Then, she was gone. Her footsteps were silent, leaving nothing behind but the lingering scent of dough and the sudden, heavy quiet of my apartment.

When she reached the street, the "pull" was still there, constant and familiar. But as she walked home, clutching my food to her chest, she realized the rhythm of her own apartment felt different. The space that had always been a neutral base—the one room, the one window, the table—felt entirely, suffocatingly empty.

She stood in the center of her room—the one room, the one window, the one table—and stared at the steam rising from her glass of hot water. The simplicity of her environment, which once provided her with clarity, now felt like an accusation of how empty it truly was.

She tilted the glass, watching the water ripple and catch the light. The usual, rigid internal monologue—the one that defined, categorized, and dismissed every sensation—was completely absent.

"I am... confused," she whispered to the silence.

The words felt clumsy, unpracticed. Her usual analytical, robotic formula for existence had failed her, and for the first time in a long time, she didn't have an equation to fix it.

She tightened her grip on the glass, feeling the warmth of it bleed into her palms, almost identical to the lingering heat of the steamed buns he had given her. The sensation was distracting, persistent, and entirely irrational.

"Why does it feel like..." she trailed off, her brow furrowing as she searched for a term that didn't exist in her logical lexicon. "Why does it feel like I am... changing?"

She looked at her own reflection in the glass, the distortion of her face staring back. The "pull" wasn't a directional force anymore; it was an internal shift, a quiet erosion of the boundary between who she was supposed to be and what she was becoming.

The Next Day

Tsukiyo stood before the mirror, her gaze fixed on her own reflection with the same intensity she'd usually reserve for a tactical analysis. She puffed her cheeks out, testing the elasticity of her own skin, then pinched them between her thumb and forefinger.

"Today I am..." She paused, the sentence dying in the air. A small, involuntary shudder went through her. "The concept itself is... it sounds ridiculous."

She gripped her chest with both hands, pulling her fabric taut as she rolled them into tight, desperate fists. She pressed her lips together and narrowed her eyes, inadvertently conjuring a face of pure, stubborn determination.

She stared at the reflection, and the image staring back caught her completely off-guard.

"Eh?!" Her voice cracked, hitting a pitch she didn't recognize. She recoiled from the glass, her hands flying to cover her cheeks. "Wait. Is that me? Why am I making a face like that?!"

She quickly brushed her hands down her sides, as if trying to physically smooth away the expression.

"No. No, this is an error," she muttered, pacing the narrow confines of her room. "I need to reset. I need to revert." She looked back at the mirror, her eyes wide. "Oh, Ken... what exactly have you done to me?"

The afternoon air felt stagnant as I navigated the walk back from campus, the usual bustle of Tokyo noise fading into the background of my own thoughts. Then, the sharp vibration of my phone cut through the silence. I pulled it from my pocket, glancing at the screen.

Tsukiyo.

I swiped to answer, my pulse hitching slightly. "Hello?"

"Ken." The voice on the other end was soft, barely a whisper, yet it carried that unmistakable, hollow stillness that defined her.

"The steamed buns are gone."

I couldn't help a small, dry smile. She was a minimalist to the extreme, cutting away everything that didn't strictly need to be said. "Did you like them?" I asked, testing the waters.

"They were adequate."

There was a pause—a long, weighted silence that felt unnatural over a phone line. I could hear the faint, rhythmic sound of city traffic in the background behind her, a sharp contrast to her stillness. Then, she took what sounded like a ragged, deliberate breath.

"I am outside your building."

My steps faltered. She wasn't just checking in; she was physically there.

"I don't know why I'm here..." her voice wavered, losing that rehearsed, flat edge for a fleeting second. "...the pull is... consistent."

She didn't ask if I was home. She didn't ask to come up. She simply stated her location and the "logical" reason she was standing there, leaving me to bridge the distance.

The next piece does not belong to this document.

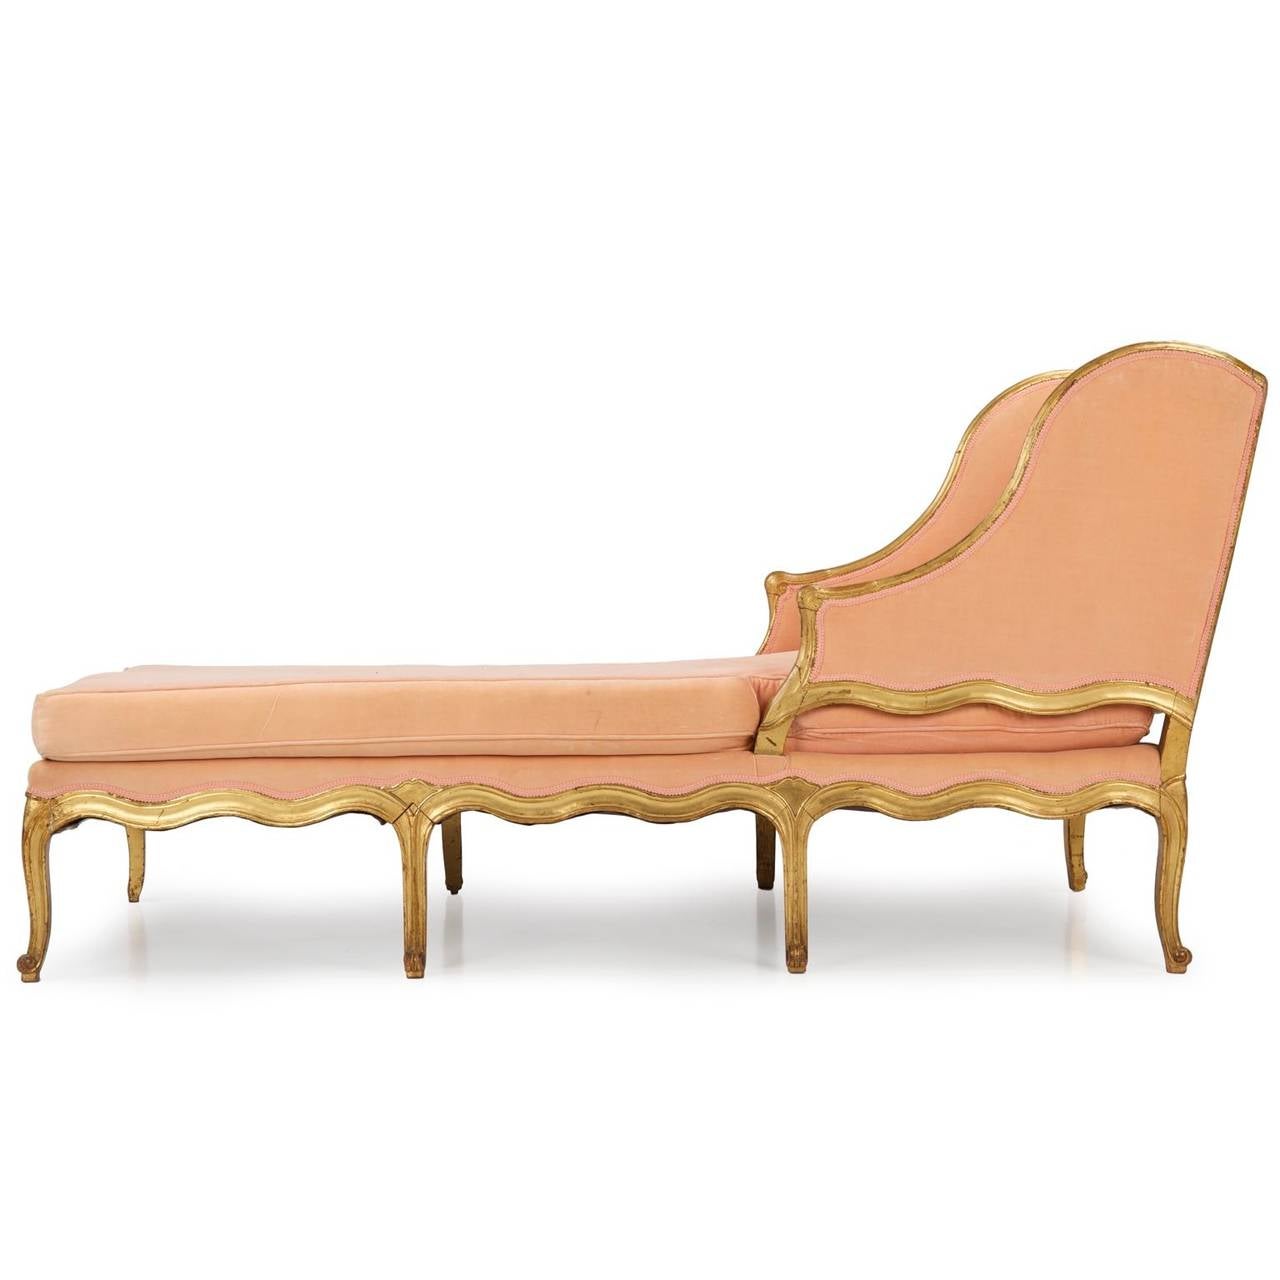 This large and unique chaise longue was probably crafted during the first quarter of the 19th century, the shapely design contrasting the angularity of the seat against an almost unending undulation in the frame. The curvy form is emphasized by the

"What do you want to do?" I asked into the receiver.

"The pull is weak, but it is there," she replied, the cadence of her voice shifting back into that familiar, sterile rhythm. "It is the path of least resistance. Now that I am here, staying or leaving will require equal effort." She had fully retreated into her logical mode of speech, building a fortress out of cold syntax.

I turned the corner to my street, and the moment I stepped into her field of vision, the line went dead.

She didn't move as I approached. She stood there staring at her own feet, then slowly shifted her gaze up to my window. "You can tell me to leave," she stated, her voice as flat as a sheet of glass.

I stopped in front of her, searching her face. It was the same blank slate she always presented, but I didn't question the mask. I was watching the "effort" behind it—the way her fingers twitched against her side, the tension held in the set of her jaw. She was trying so hard to be vacant, but the very act of trying was heavy.

I gave her a knowing smile. "Don't leave. You're really cool."

There was a long silence on the other end of the space between us. She tilted her head, her eyes narrowing just a fraction.

"Logically, 'cool' would imply a low thermal state," she murmured, her brow furrowing slightly. "But... knowing your patterns, you do not view me as cold."

"That is correct," I confirmed.

She stood motionless for a beat, processing the data. "So... you enjoy my company... that is the primary reason..."

The words came out in fragmented intervals, a disjointed observation, yet she maintained her perfectly aloof exterior. Without waiting for further confirmation, she bypassed me. She didn't ask for permission; she simply moved toward the door.

Once inside, she scanned the apartment, her eyes flickering across the room to confirm that nothing had been altered since her last observation. Satisfied, she walked over to the couch and sat down, her back perfectly straight, her posture a silent.

"I am here," she declared, her posture on the couch remaining as precise as a geometric proof. "What do I do now?"

I reached out, gently pinching her cheeks. The softness of her skin was a stark, jarring contrast to the rigid shell of logic she insisted on projecting. "I don't know, but it's cute that you waited."

She didn't flinch. She allowed the contact without a single flicker of reaction, her steady grey eyes fixed on my face as if mapping the contours of my intent. When I finally pulled my hand away, she brought her own fingers up, lightly tracing the spot I had pinched. She hovered there, a quiet, tactile exploration, as if checking for a physical change in her own composition.

"Waiting was not a decision," she said, her voice dropping a register. "It was the default state. Also... you keep assessing me as 'cute'."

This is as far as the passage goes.